SUPPLIED MATERIAL
....
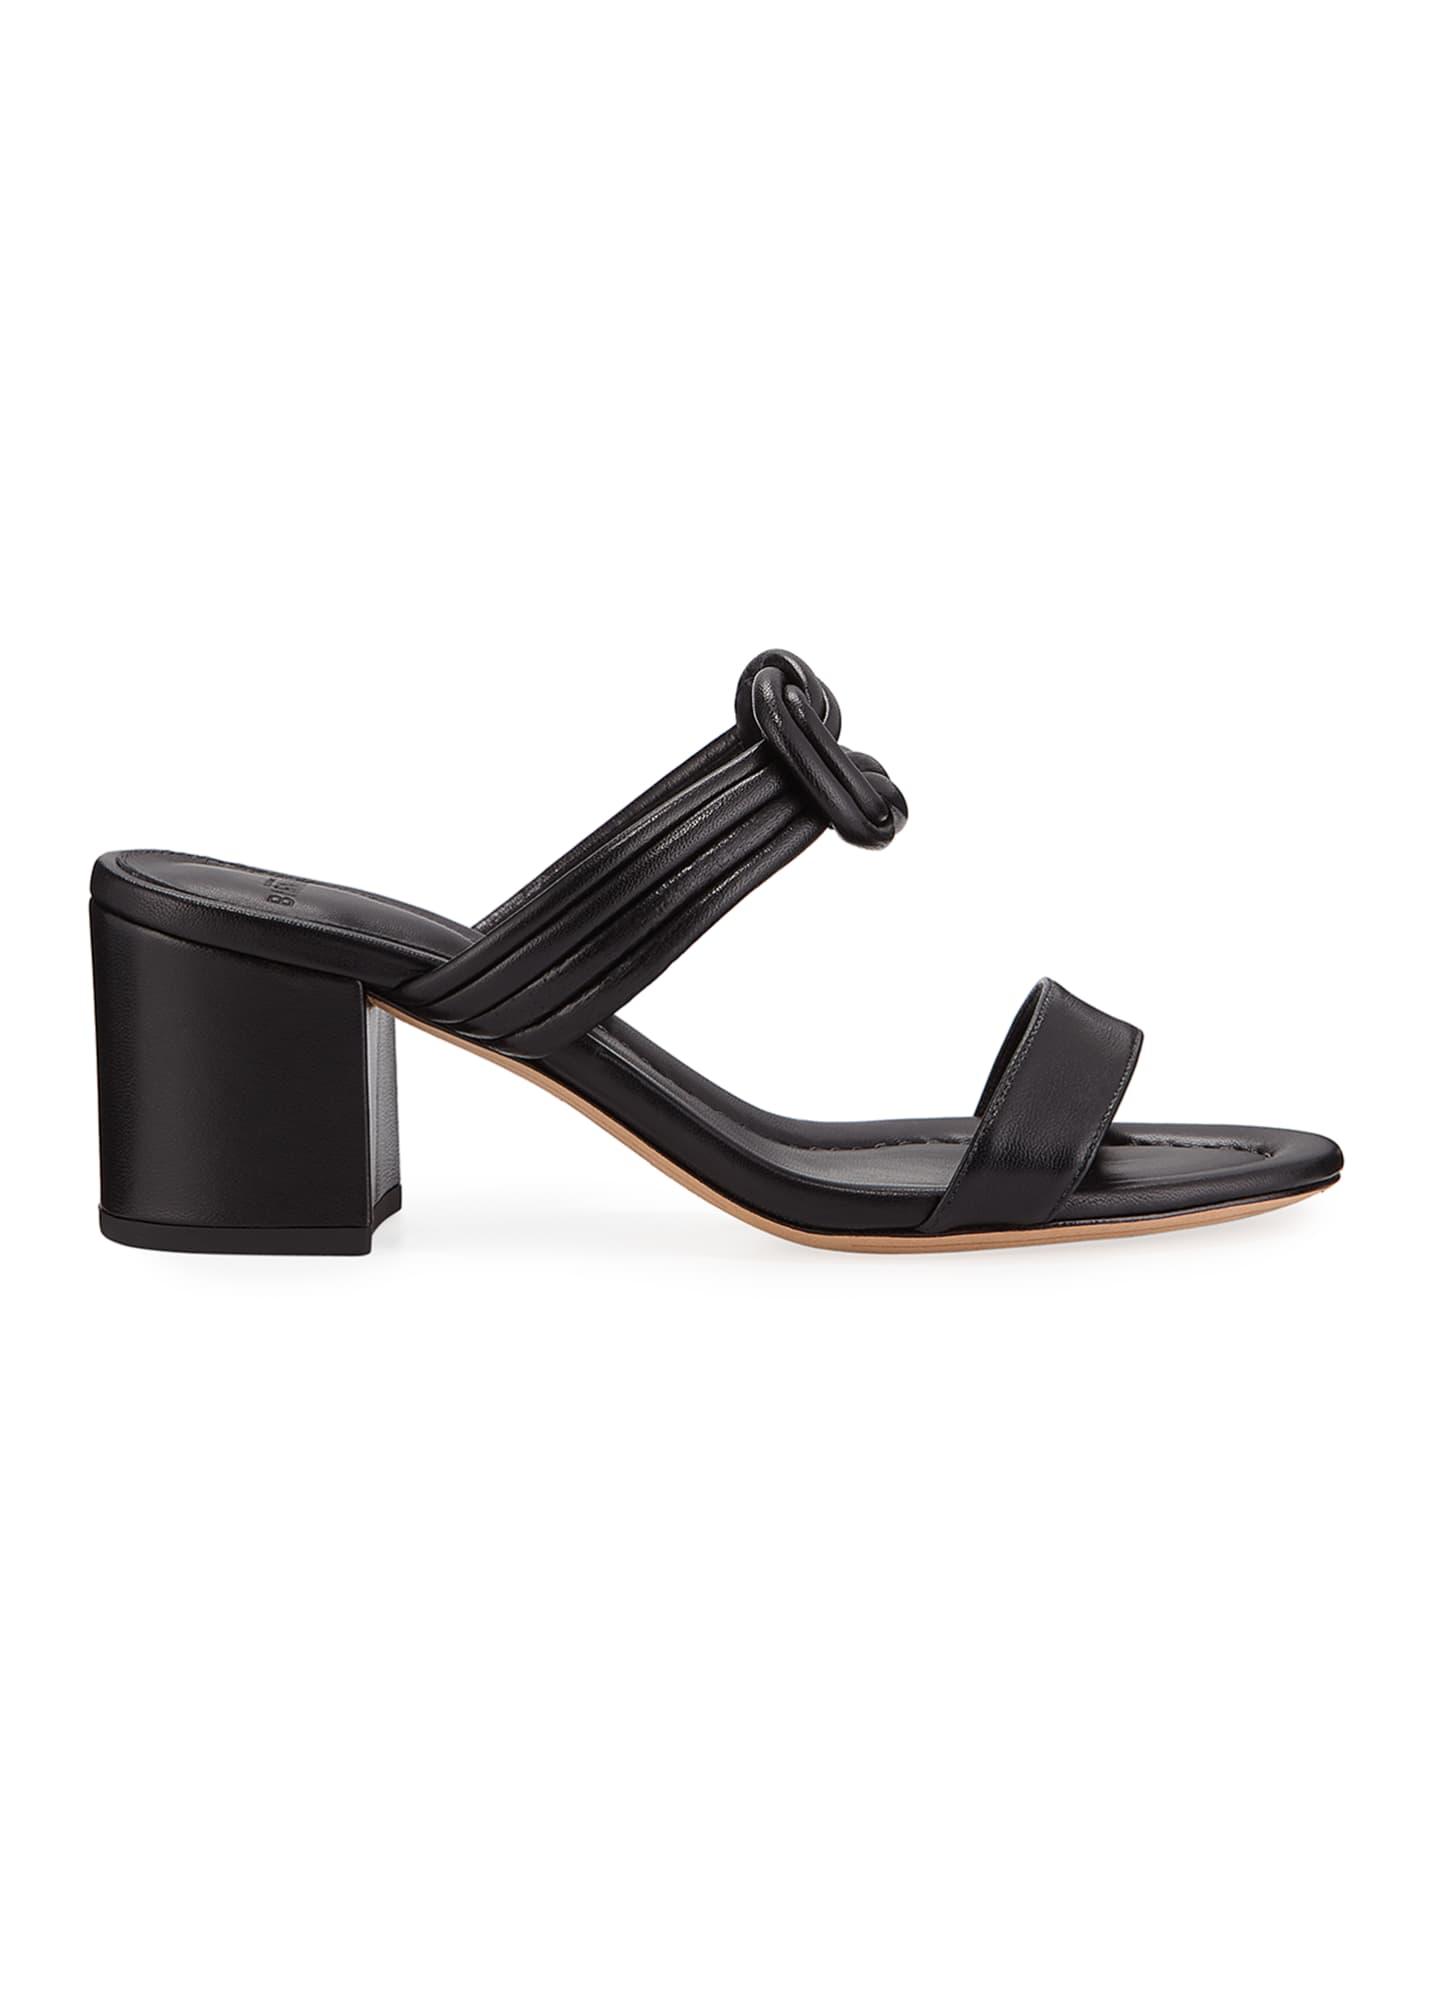 Alexandre Birman Vicky Knotted Leather Block-Heel Sandals
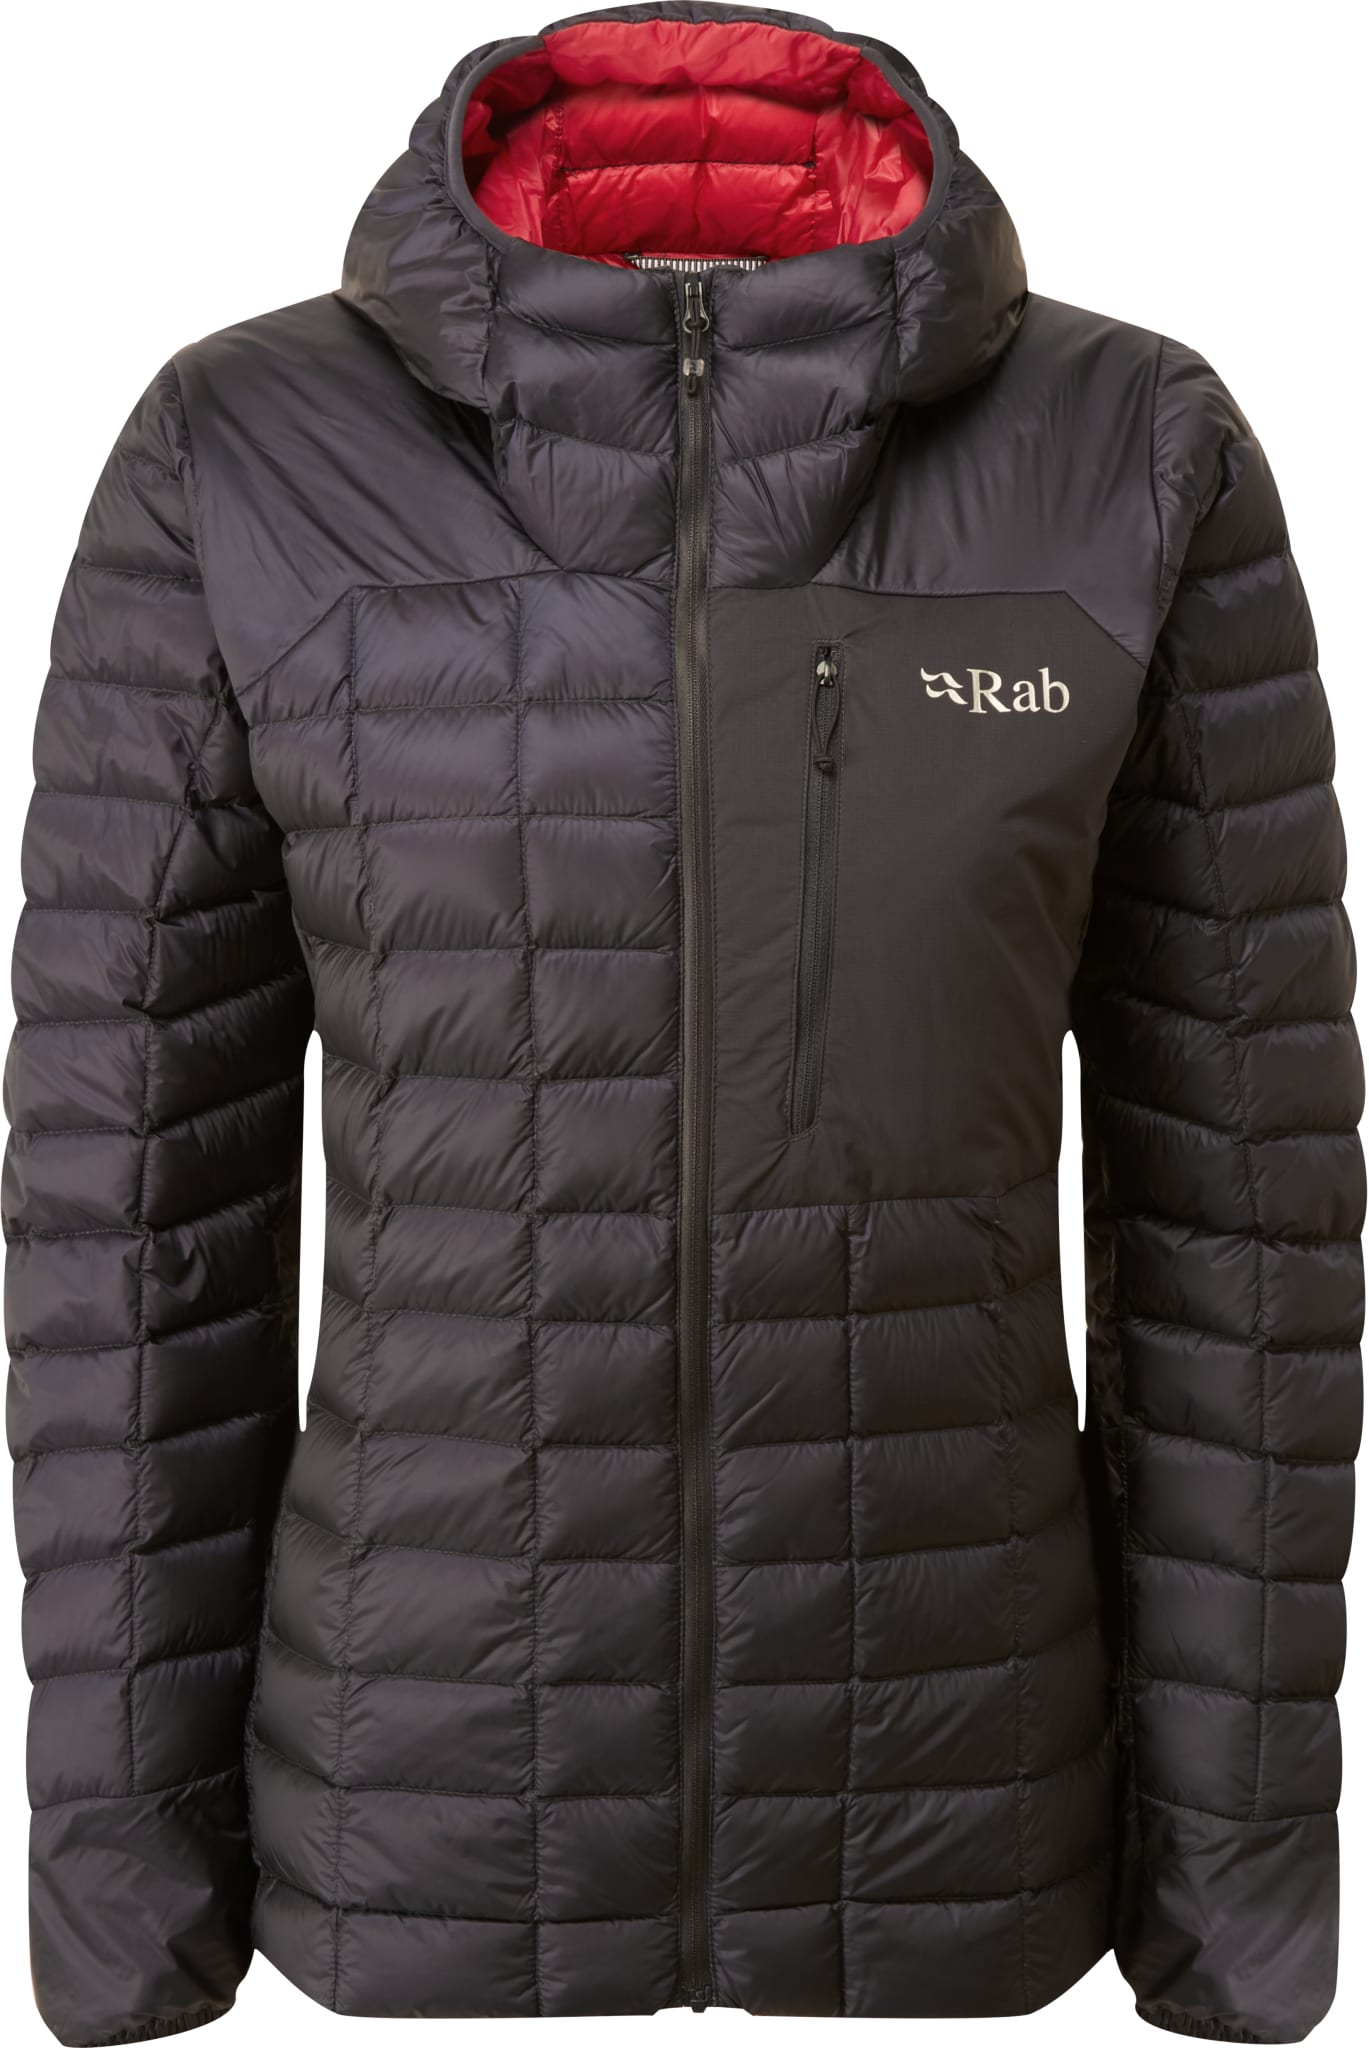 Kaon Jacket Ws
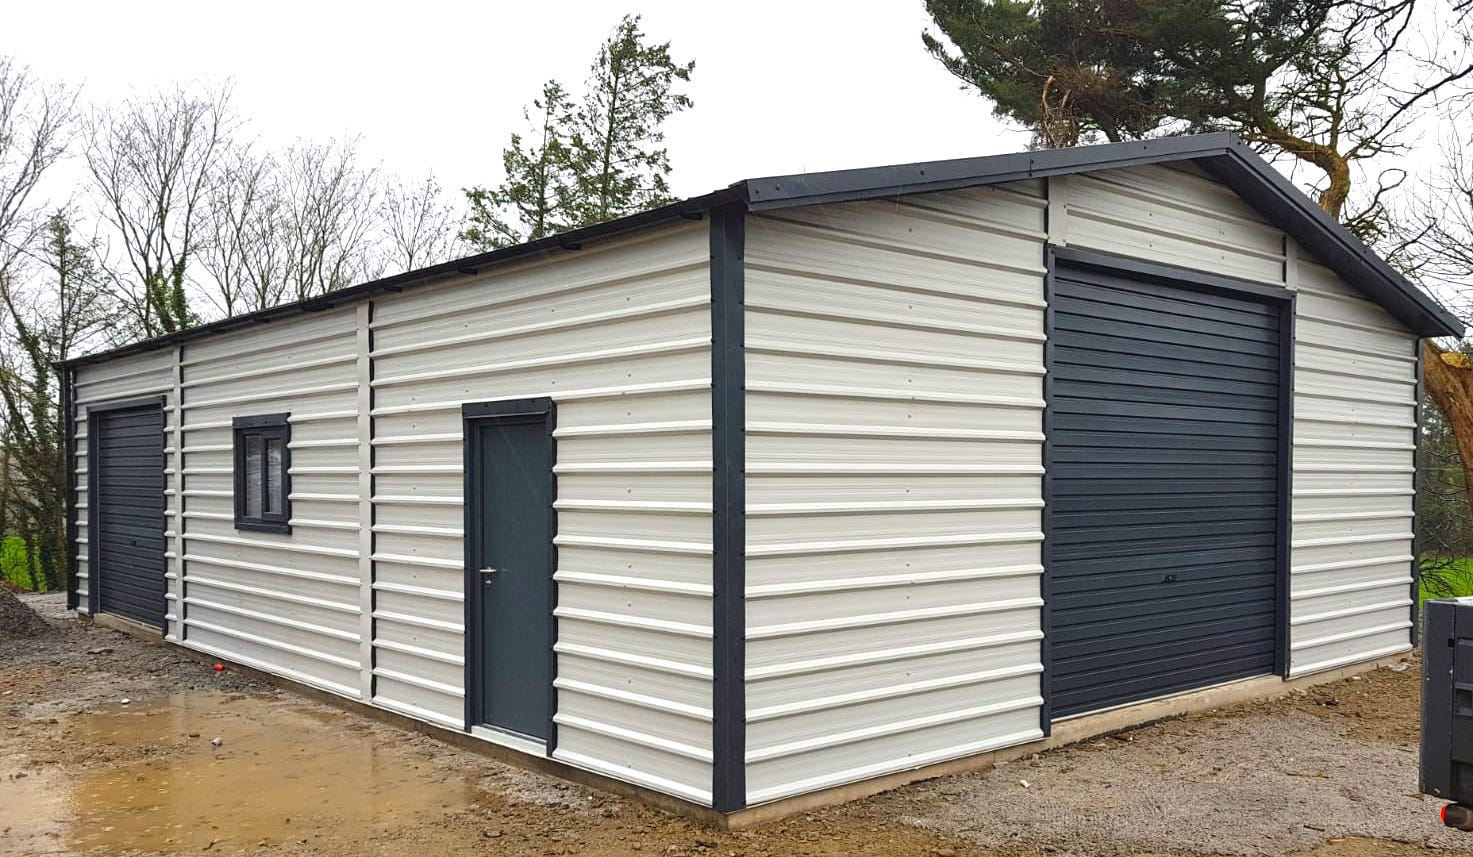 A1-Steel-Sheds-Garden-Shed-Cork-Garage-Home-Office.JPG
....
PROBLEM TO WORK ON
Reproduce the listing word for word. Do not carry over the pictures.

SOLUTION
 Alexandre Birman Vicky Knotted Leather Block-Heel Sandals
 Kaon Jacket Ws
 A1-Steel-Sheds-Garden-Shed-Cork-Garage-Home-Office.JPG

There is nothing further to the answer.